If data analytics are neither good or bad, then, success – both economically and in terms of public perceptions – will be determined by execution. Consider carefully what you decide to track, how you track it, how closely you guard your users privacy, and where you sell your data and in what form. Because a reputation once lost is not easily regained, as they say. While Facebook has been able to shrug off headlines such as “Facebook’s New Terms Of Service: ‘We Can Do Anything We Want With Your Content. Forever.’,” and concerns about the mining of Gmail accounts seem to be a distant memory, not everyone will be so fortunate. JetBlue and Northwest mostly recovered from their breaches of customer trust, but at what cost? As much as the economic opportunity that data represents will be an incentive, the user’s needs must always come first: be sure that you have a strong user advocate present and empowered in any and all discussions about the usage of telemetry data.
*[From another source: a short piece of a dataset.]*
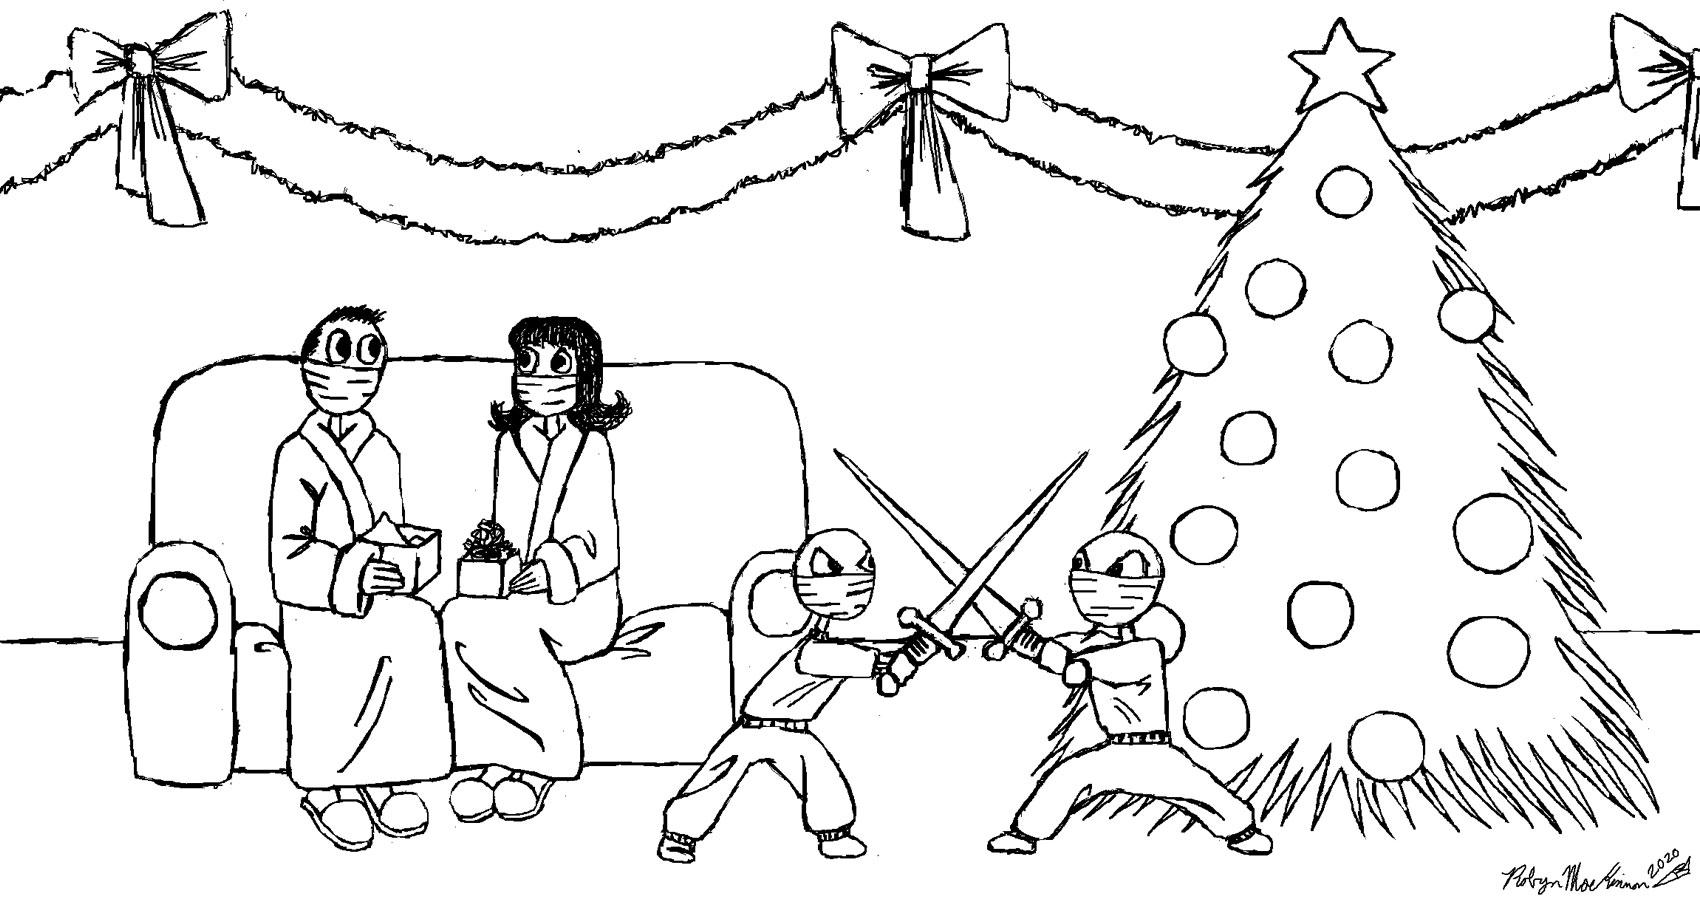 Weird Christmas, a haiku by Robyn MacKinnon at Spillwords.com
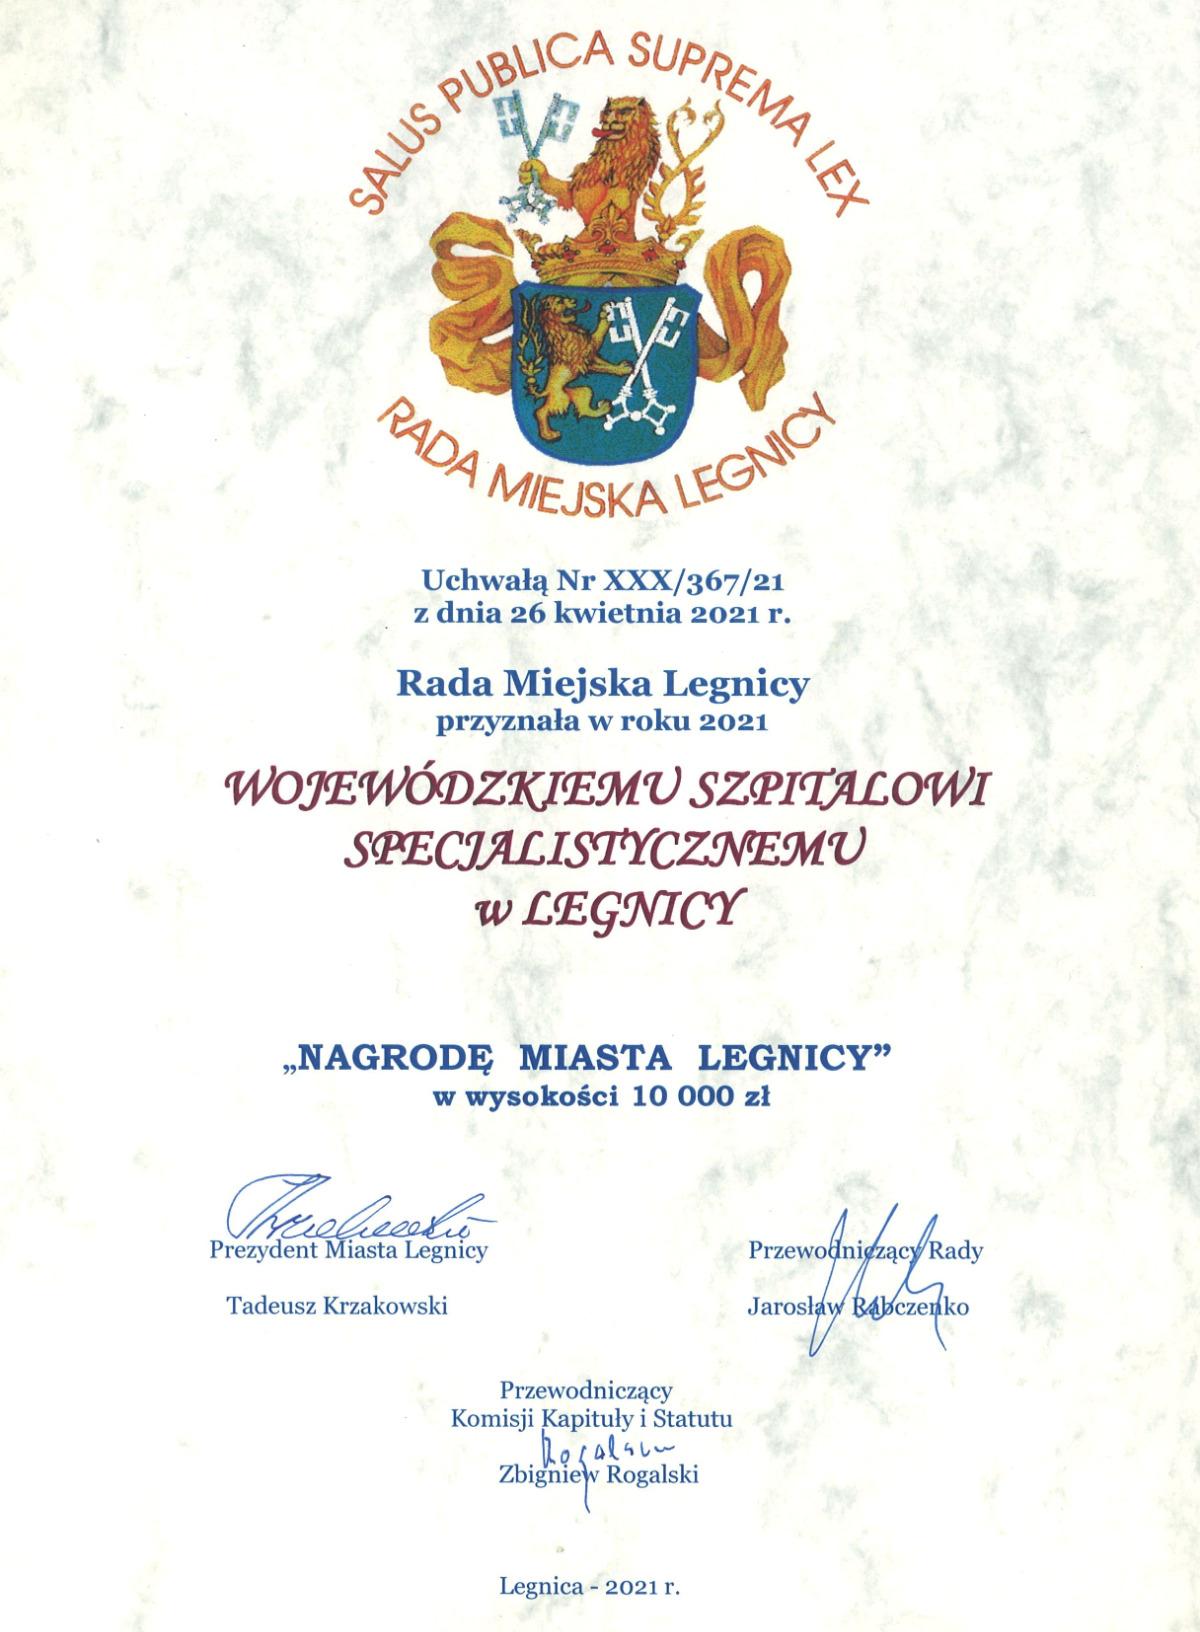 Nagroda Miasta Legnicy

Marketplaces will have an important role to play with respect to privacy, as well. Just as we’re seeing in application stores – at times overzealously, it must be said – data marketplaces will have a responsibility to buyers and sellers alike to carefully consider what they accept and what they turn down. Certain cases will be obvious: no legal marketplace will broker the sales of stolen credit card number databases, for example. But other datasets may seem more innocuous: are offerings that include IP addresses inevitably privacy infringing? Questions like those will probably create a secondary market for data cleansing and normalization vendors; in partnership with marketplaces, they could offer anonymizing data as a service.

Irrespective of the privacy concerns, the collection and analysis of data is accelerating. If data isn’t already an asset you list on your balance sheet, it soon will be. Why not get a head start on the privacy questions, then, and start thinking about what can be sold and what can’t, now? As soon as the marketplaces open on a volume business, you’ll thank me.